| What the task asks |
The reader should set down exactly the lines from the one containing "Dice hi sneakers - white" through the last line of the material, omitting every picture.

(Source material Opens)

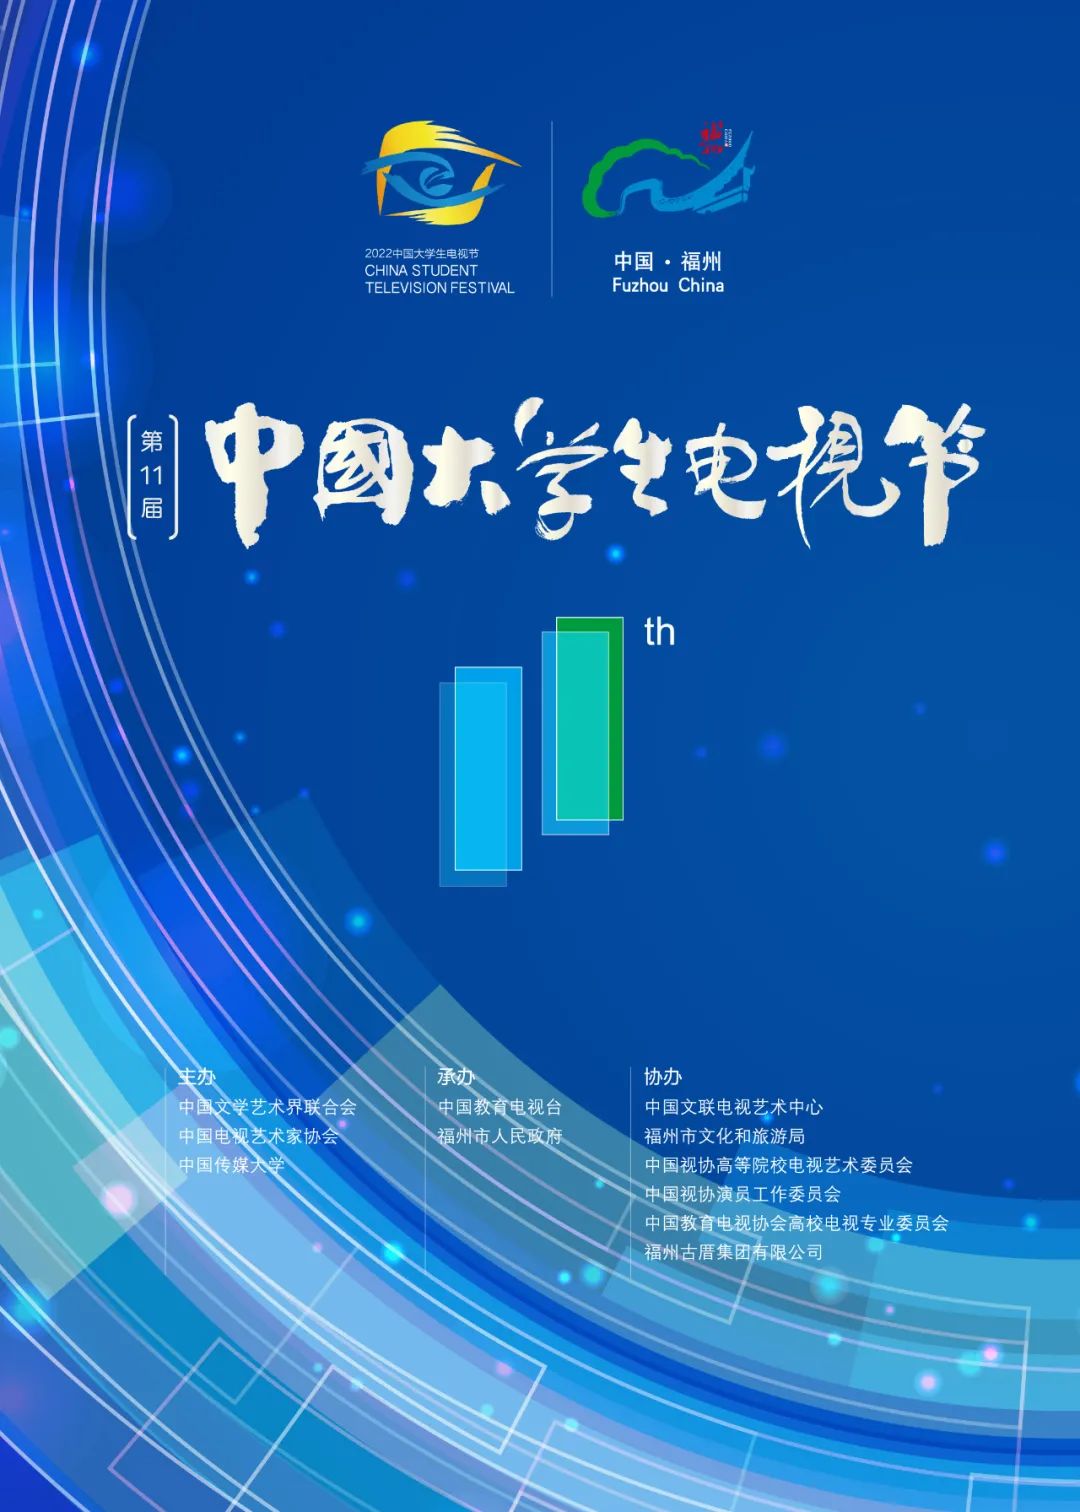 第十一届中国大学生电视节将于明年2月在福州举办
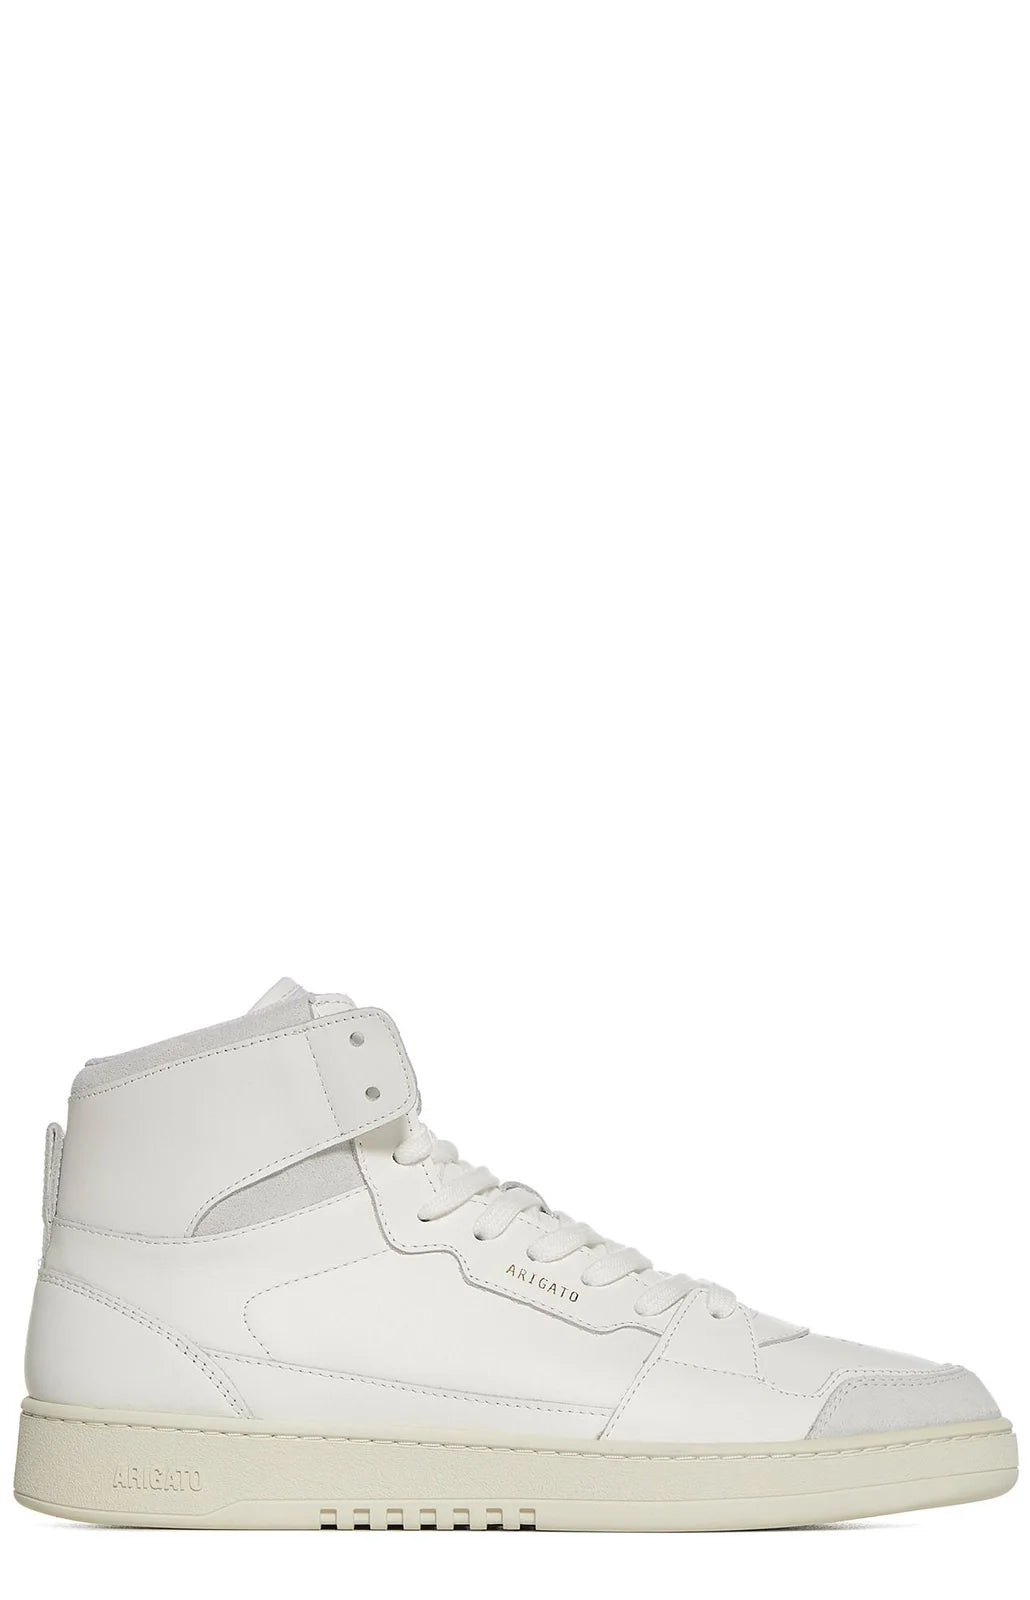 Dice hi sneakers - white
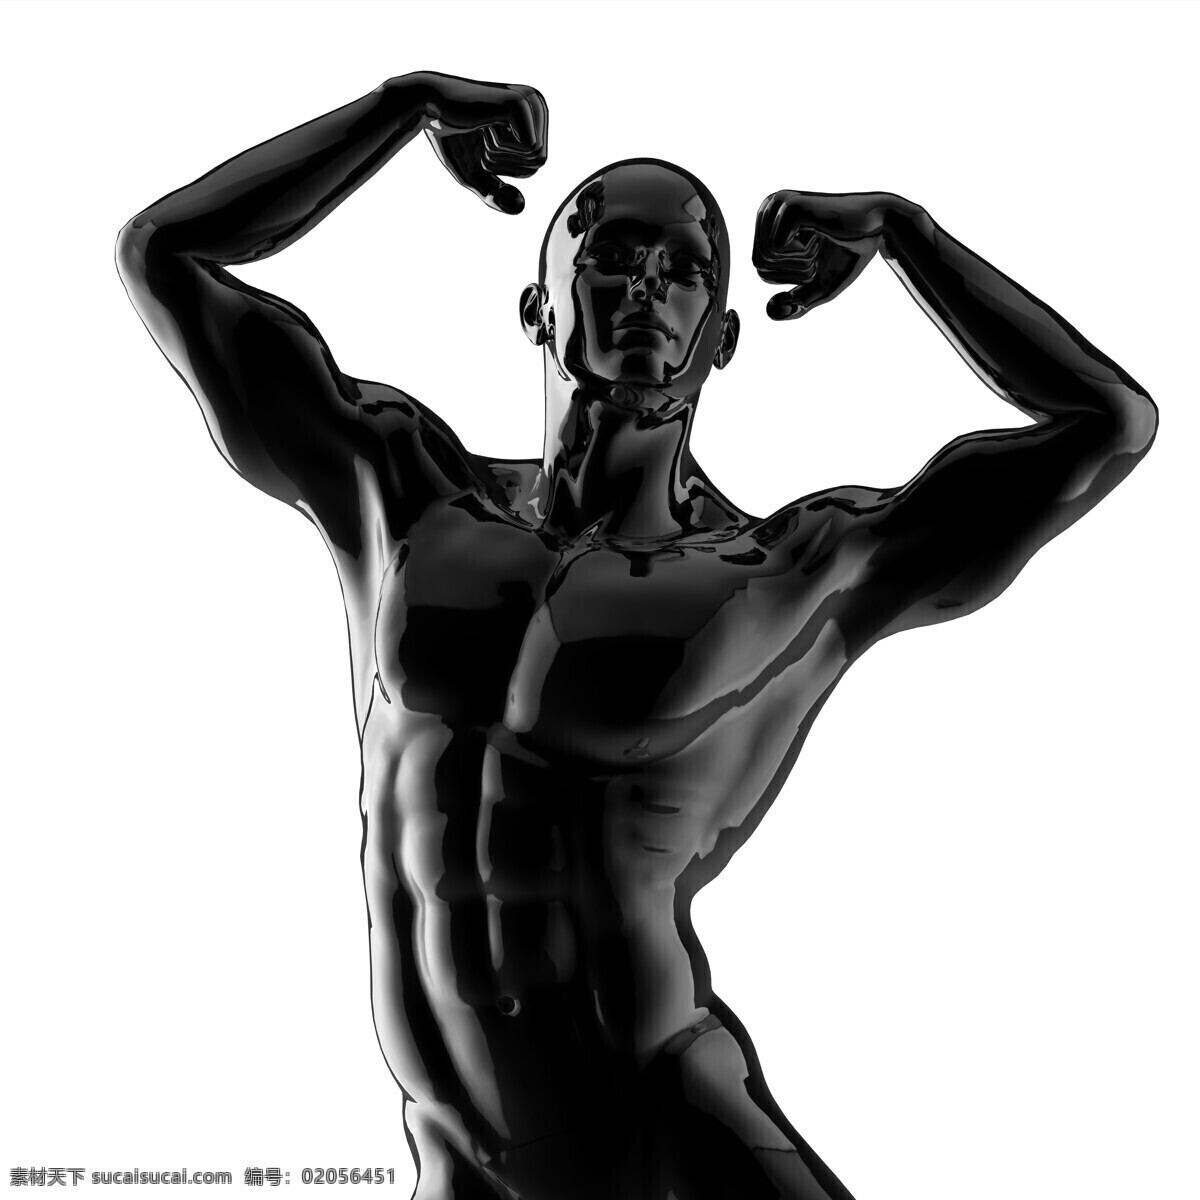 展示 肌肉 塑料 模型 男人 塑料模型 展示肌肉 健身 健壮 其他人物 人物图片
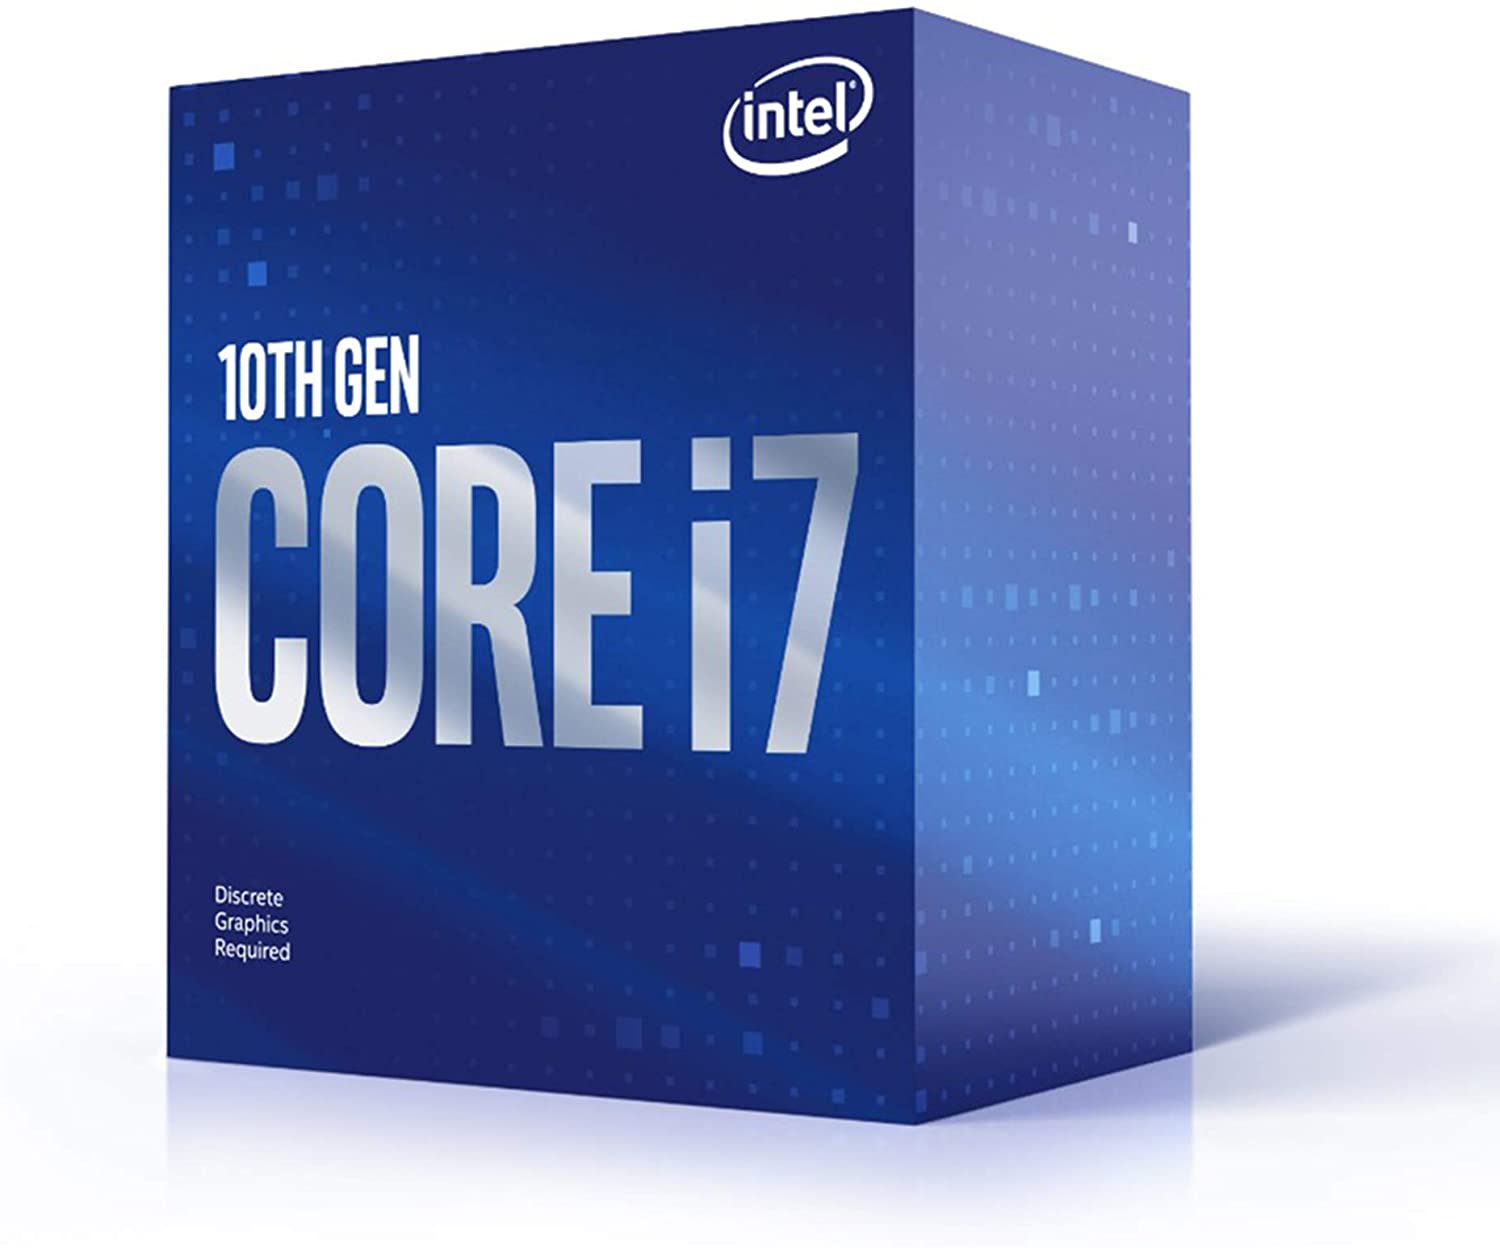 Procesador Intel Core i7 10700F, 10Th Gen, 4.8 Ghz, 8 Nucleos, Lga 1200, Nuevo, garantia 1  año
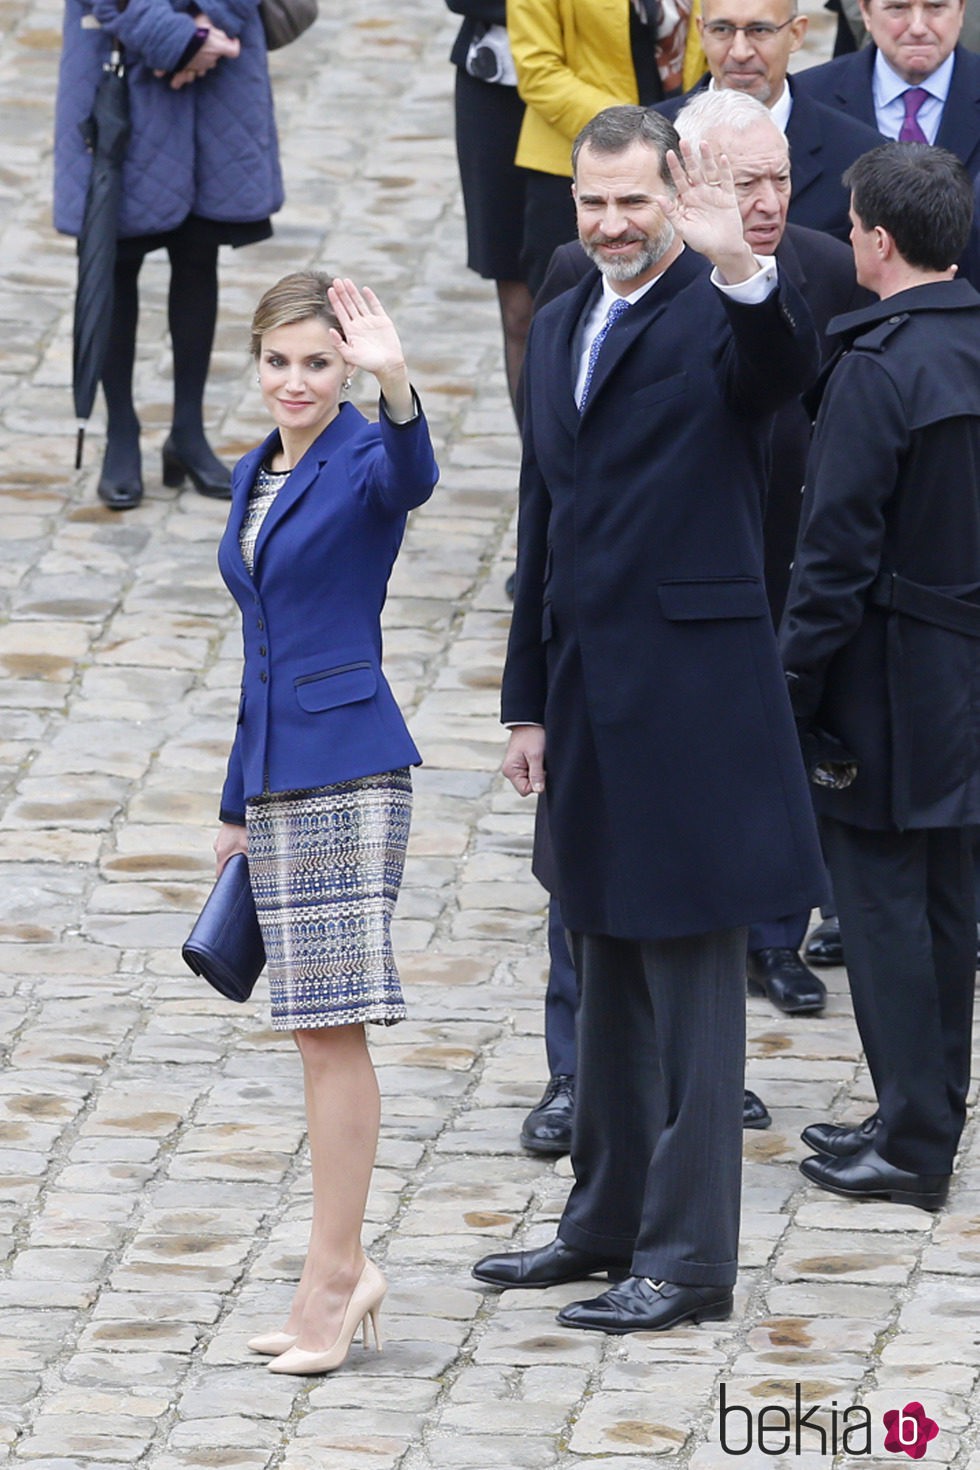 Los Reyes Felipe y Letizia en su primer Viaje de Estado a Francia como Reyes de España

(Source material Closes)

| Expected answer |
 Dice hi sneakers - white
 展示 肌肉 塑料 模型 男人 塑料模型 展示肌肉 健身 健壮 其他人物 人物图片
 Procesador Intel Core i7 10700F, 10Th Gen, 4.8 Ghz, 8 Nucleos, Lga 1200, Nuevo, garantia 1  año
 Los Reyes Felipe y Letizia en su primer Viaje de Estado a Francia como Reyes de España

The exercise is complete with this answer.